Francisco Ayala has had a long and productive career which we are here to celebrate. While my colleague Dr. Pudovkin can provide some perspective on Ayala from the viewpoint of a population geneticist, my personal perspective is that of an information scientist. My insight is based on my long experience in using bibliographic databases, both for information retrieval as well as research evaluation. I approach the problem of evaluating scientists from the perspective of a science librarian who might be asked “What can you tell me about this fellow F. J. Ayala?”

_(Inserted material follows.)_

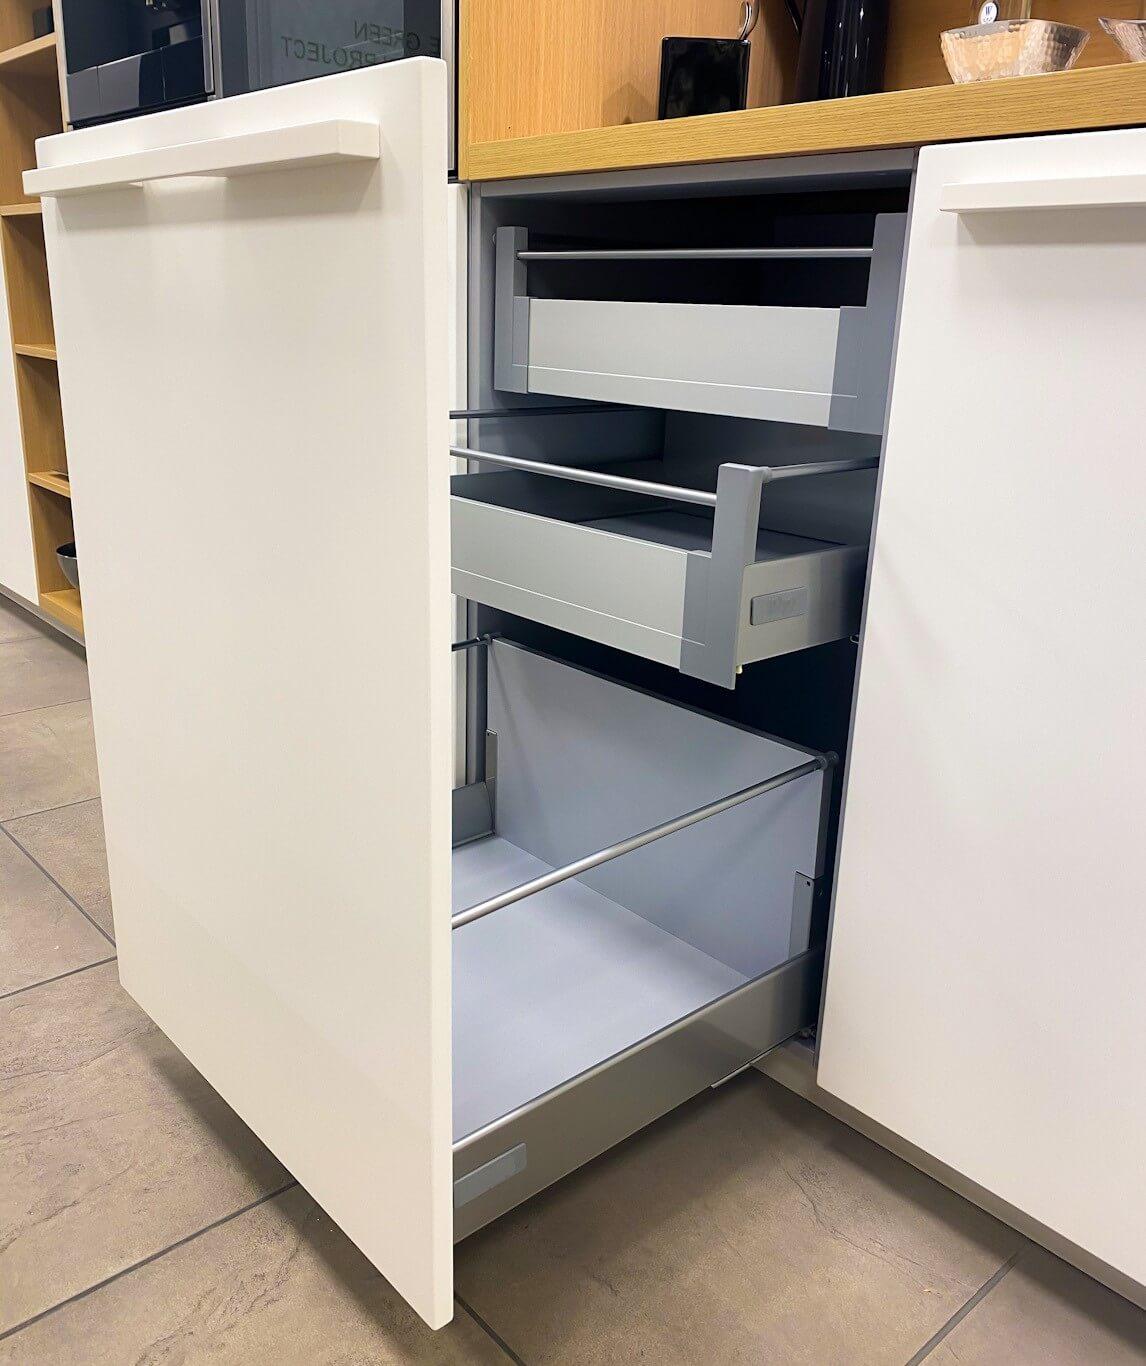 Sistema de cajón interno integrado

The first step in this process is to determine what Ayala has published. Of course, you can do that by consulting his C.V., if it is available. Alternatively, you can obtain a list of his publications by searching public databases like PubMed or Medline. If you search PubMed or Medline, you will find only 220 papers by Ayala indexed. However, if you do the same author search in the Science Citation Index, you will find initially that he has published at least 320 papers. The discrepancy is due to Medline’s somewhat narrow definition of biomedical research and its selective coverage of multi-disciplinary and life science journals. Consider that some of Francisco’s earlier publications appeared in the journal Ecology which is outside the realm of Medline. Furthermore, neither Medline nor SCI will tell you directly whether Ayala has published books. However, as will be seen, the SCI cited reference section reveals all the non-journal works he has published – at least those that have been cited at least one time, as e.g. his 1980 book, Modern Genetics, co-authored with J.A. Kiger.
The cited reference section of SCI on the Web of Science tells you where Ayala has been cited. You get an immediate impression of a highly productive scientist who has published in dozens of journals and a variety of fields. In fact, over 500 articles and books by Ayala were identified. We know from long experience that only a small percentage of authors publish that many. That would be characteristic of a member of the National Academy of Sciences, or as I have often phrased it – a scientist of Nobel class. However, publication counting is often suspect. There are authors who publish a lot but are rarely cited and vice versa. We do know that Nobel Prize winners publish six times the average author and are cited at least 30 times the average.1,2 So we want to know not only how much a scientist has published but also whether they have published in high impact journals. And in particular, we want to know the citation impact each paper has made since impact factors of journals alone can be deceptive. For that, the SCI is ideal. We can easily identify those papers that have been cited with unusual frequency. It is noteworthy that while most of Ayala’s papers have appeared in high impact journals, one of his most-cited papers appeared in Evolutionary Biology which at the time it was published, wasn’t yet indexed by SCI. Nevertheless, citations to it can be found.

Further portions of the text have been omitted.